To help smallholder tobacco farmers achieve alternate livelihoods, the Foundation is introducing its Agricultural Transformation Initiative (ATI), which will develop new approaches to support farmers who are over-reliant on their singular tobacco crops. The Foundation will seek partnerships with corporate, philanthropic, agricultural, rural development, and smallholder experts to:
- Identify innovative, context-specific alternative crops and livelihood possibilities for farmers
- Implement viable business models to create new demand for alternative crops, products, and/or services
- Create an enabling environment for these new livelihood strategies through targeted policy and resilience-building strategies at all levels of scale
ATI will begin its work in Malawi, where more than 80% of the country’s total labor force is in the agricultural sector, with the majority working as smallholder farmers. Malawi is one of the world’s most heavily tobacco-dependent economies. Tobacco accounts for over 60% of the country’s total annual earnings and 13% of the economy as measured by the gross domestic product (GDP). In 2015, 53%i of Malawi’s total export value was attributed to tobacco. According to the government of Malawi, 43.6%ii of Malawi’s $1.1 billion dollars in total export value in 2015 came from tobacco.

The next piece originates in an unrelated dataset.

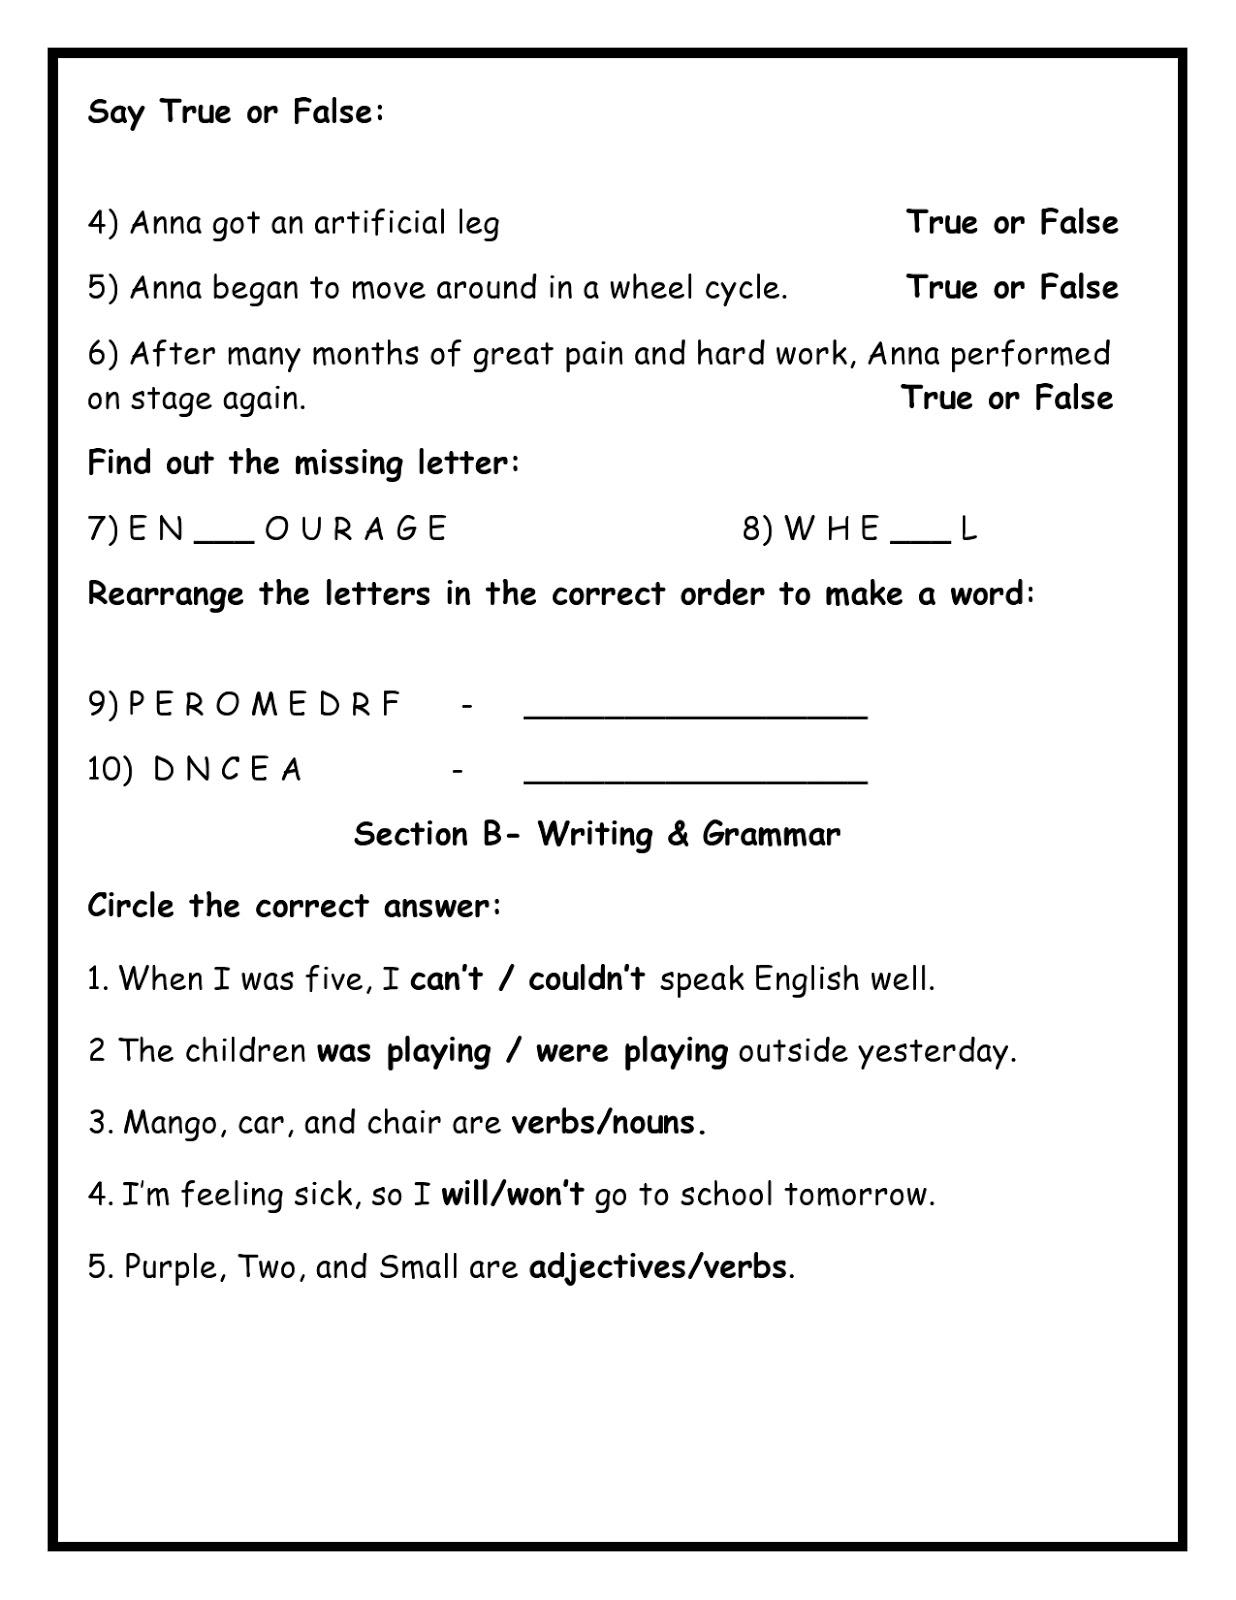 Birla World School Oman Homework For Grade 3 As On 23 12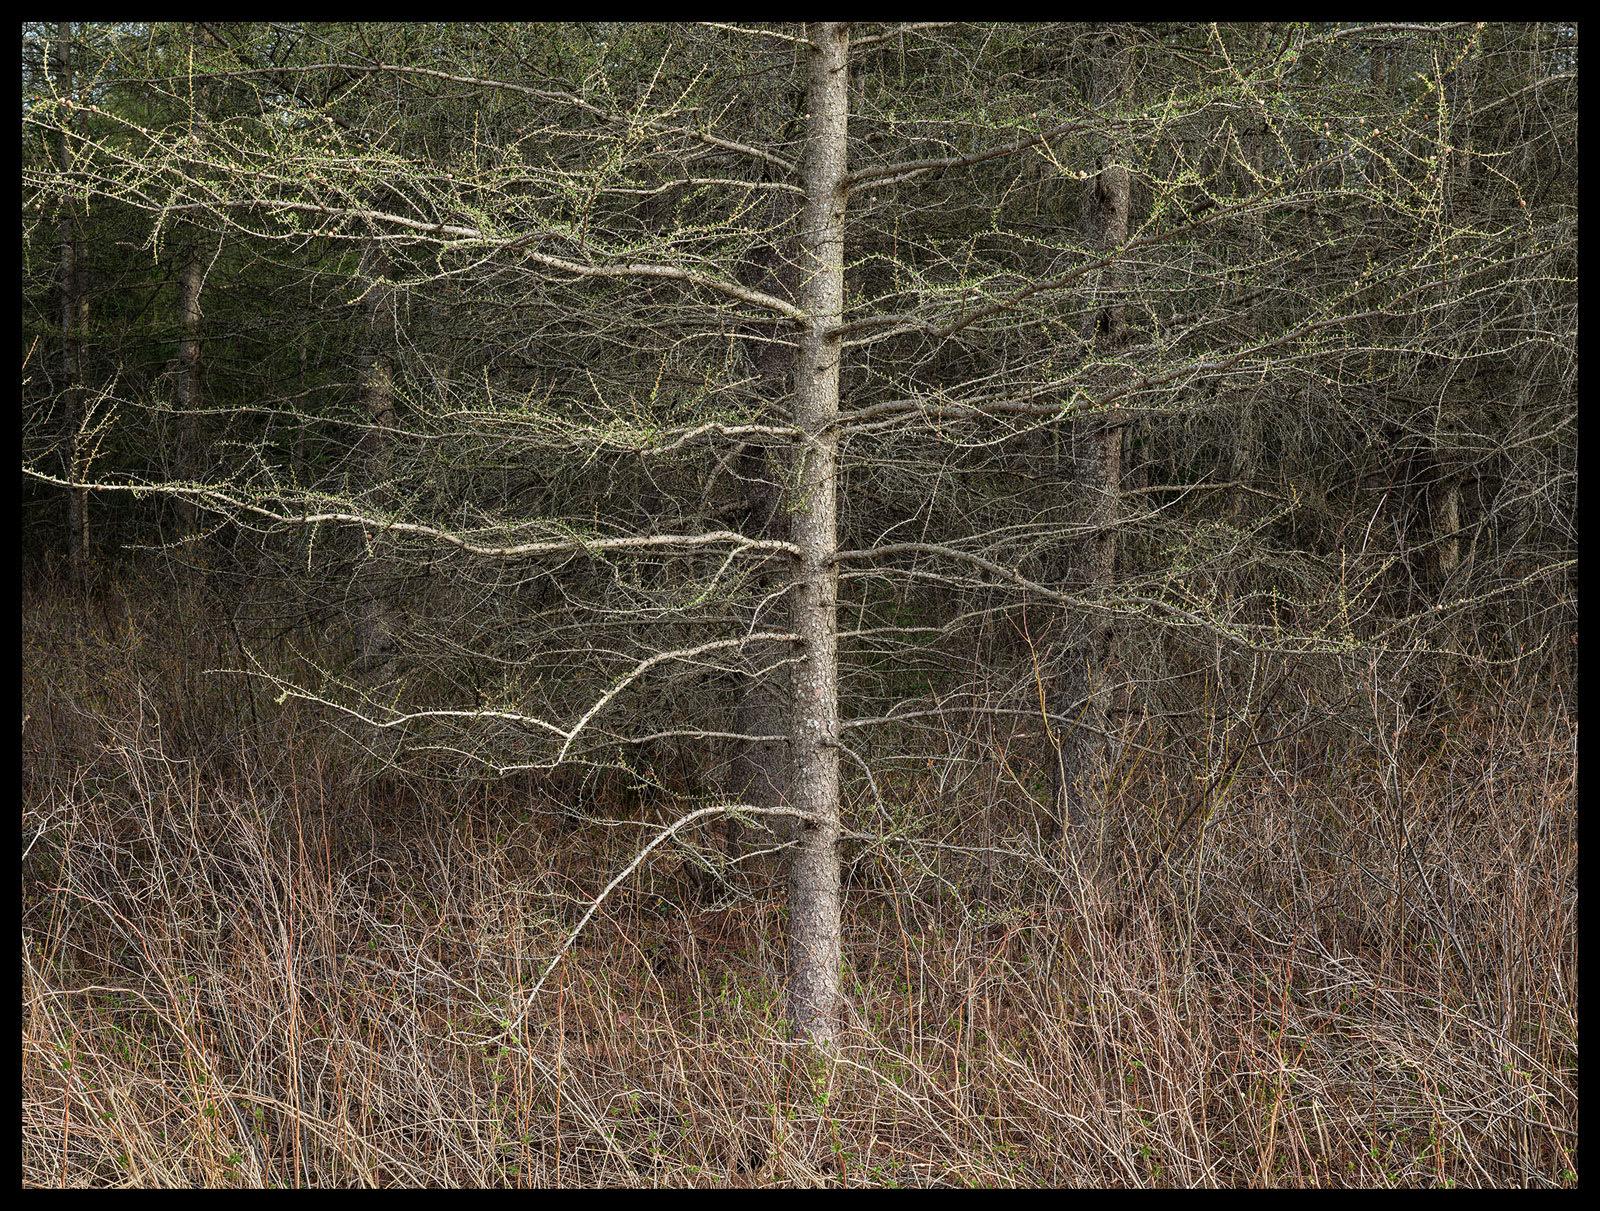 Edward Burtynsky, Natural Order #31, Grey County, Ontario, Canada, Spring, 2020

The singular focus of the ATI in Malawi is to identify viable economic alternatives for smallholder tobacco farmers, as well as to explore and invest in alternate profitable market opportunities. Diversifying an economy as important as tobacco is not as simple as switching to another crop. We must create an entirely new set of economic drivers and build a case for the structured investment required to make it a reality.
We look forward to working with a wide range of partners to bring change to Malawi. Our first step is to issue a Request for Expressions of Interest to operate and manage a new Center for Agricultural Transformation in Malawi. The Center’s goal is ultimately to transform the lives of Malawian smallholder tobacco farmers. The Center will do so by leveraging innovation in agricultural science and technology.
According to the WHO, 90% of tobacco is grown within low- and middle-income countries, where four in five smokers live. Our work here is just the first step in a robust ATI plan. We agree with Klaus Schwab, Founder and Executive Chairman of the World Economic Forum who wrote in his book, The Fourth Industrial Revolution, “…new technologies are fusing the physical, digital, and biological worlds, impacting all disciplines, economies, and industries.” We must ensure that African tobacco farmers are part of this Fourth Industrial Revolution.